Implicit hate speech is defined by coded or indirect language that disparages a person or group on the basis of protected characteristics like race, gender, and cultural identity. Compared to explicit hate speech detection, implicit hate speech contains several challenges for the NLP models. One key challenge, is that implicit hate speech detection does not contain clear lexical flags like profanity or swear-words. In addition, sometimes it might also contain a “positive” sentiment due to linguistic phenomena like sarcasm, humour, euphism etc. In this thesis we would want to address the implicit versus explicit hate speech detection, by comparing the lexical cues used in the text, and also extending with information from a) the author of the hate text, and b) the targe of the hate text.

Recent works show that extreme partisans have a similar cognitive profile, showing that partisanship isn’t just a matter of political orientation, but a matter of intensity of one’s beliefs. Similarly, when a person expresses their opinion towards a specific socio-political issue, they can be dogmatic or receptive. Based on these works, we hypothesize that there are common linguistic, psychological and emotional attributes between extreme partisans and users who express their opinions strongly. In order to test our hypothesis, we wish to extract the linguistic attributes that are indicative of extreme or moderate partisanship - regardless of political direction. In turn, by processing the users’ posts on social media, we aim to automatically identify the author’s opinion intensity towards various socio-political issues in a zero-shot scenario.

Opinion detection aims to detect an author’s view towards a certain topic and has become a key component in everyday applications such as fake news detection and argumentation. While state-of-the-art deep learning models are ideal for this problem, they need lots of labeled training data that is often expensive to obtain. In order to reduce data collection costs, we can use few-shot-learning models which are specifically designed for learning with a very small amount of training data. Since most of our data comes from social media, we need a tool that can differentiate useful text from noisy, unopinionated posts. To this end, this thesis aims to develop an opinion detection model that can efficiently differentiate opinionated from non-opinionated text and is trained only on a small amount of data.

While social media platforms help to connect people worldwide and give access to enormous amounts of diverse information, they also foster an environment that promotes polarization. This occurs due to the fact that users show a tendency to consume content that aligns with their political leaning and join groups adhering to their beliefs. This phenomenon leads to the formation of segregated clusters, which are known as “echo chambers”. We aim to investigate the opinion formation between different user groups depending on the diversity of information they encounter through their social media usage. This analysis involves clusters formed based on (a) their political ideologies and (b) their tendency to disseminate false information.

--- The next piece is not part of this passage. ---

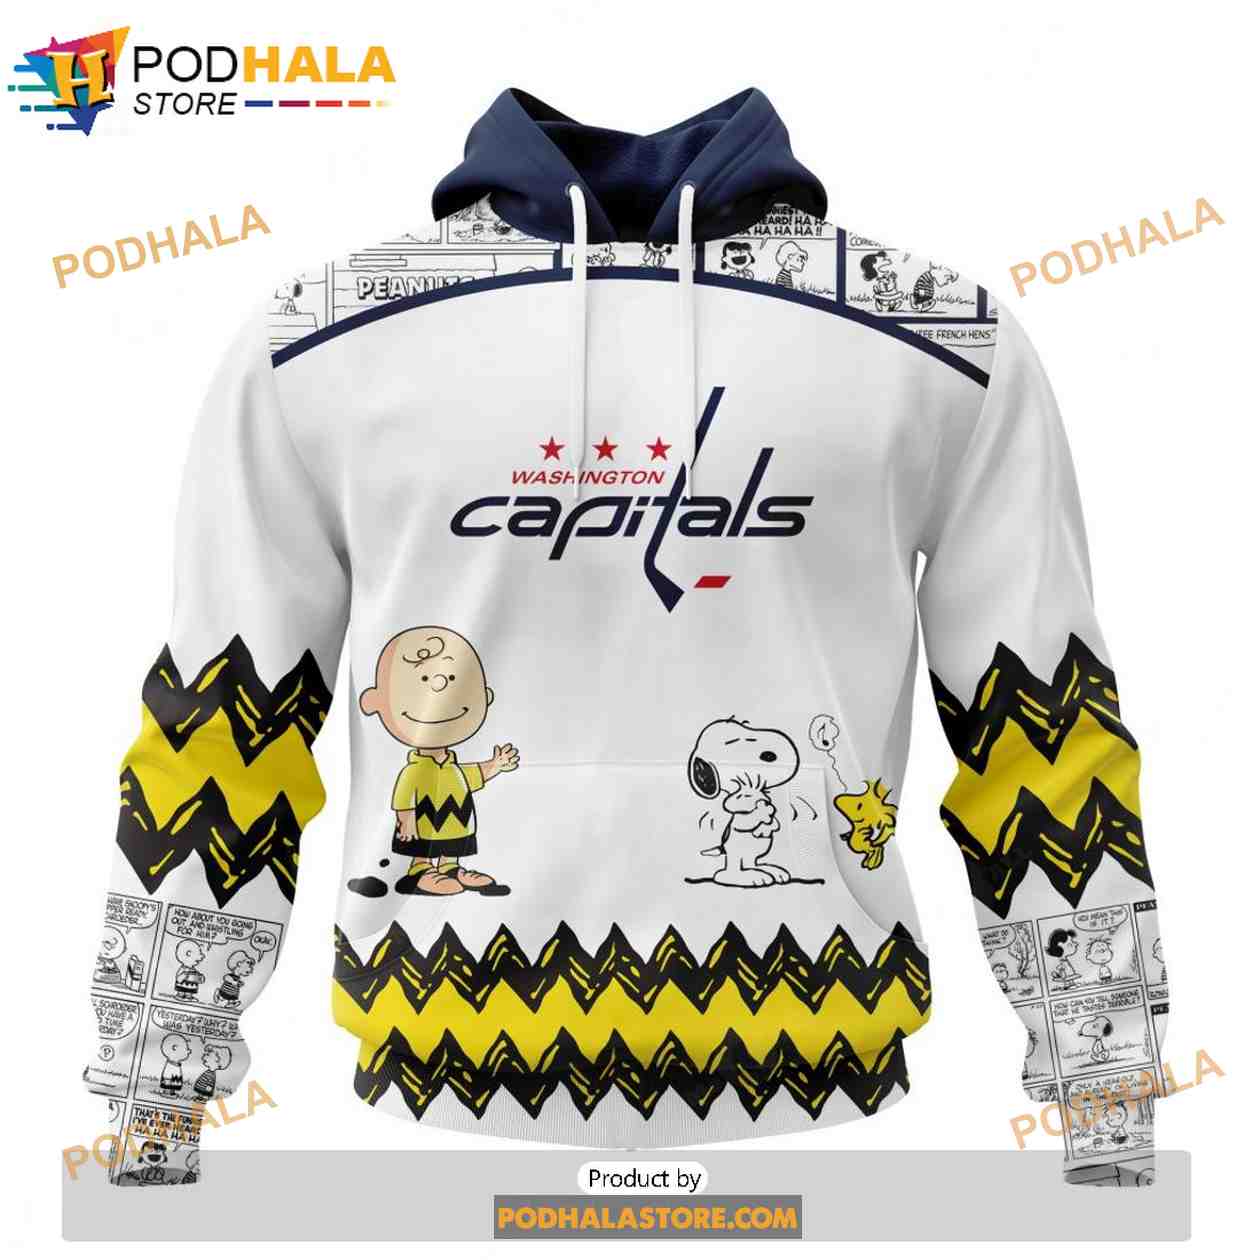 Capitals Reverse Retro Hoodie 3D Lets Go Caps Washington Capitals Gift -  Personalized Gifts: Family, Sports, Occasions, Trending

Data augmentation techniques are used to generate additional, synthetic data using already existing data. While images can be augmented easily by transformations such as rotations or changes of the RGB channel without affecting the classification models, text augmentation is much more difficult because there are no universal rules for automatic textual data transformations that can be applied while maintaining the meaning of the text. Therefore this thesis aims to investigate various natural language generation techniques for paraphrasing opinionated text and evaluate the quality of the generated data on opinion detection.

This project will investigate the arguments people use to advocate that a book should be banned. This data may come from multiple sources, including social media, and data collected by other researchers. We will look to understand how these complaints relate to or reflect the actual content of books. Optionally, we could examine a broader context of banned books outside the USA. The interested student should have some experience with machine learning or natural language processing.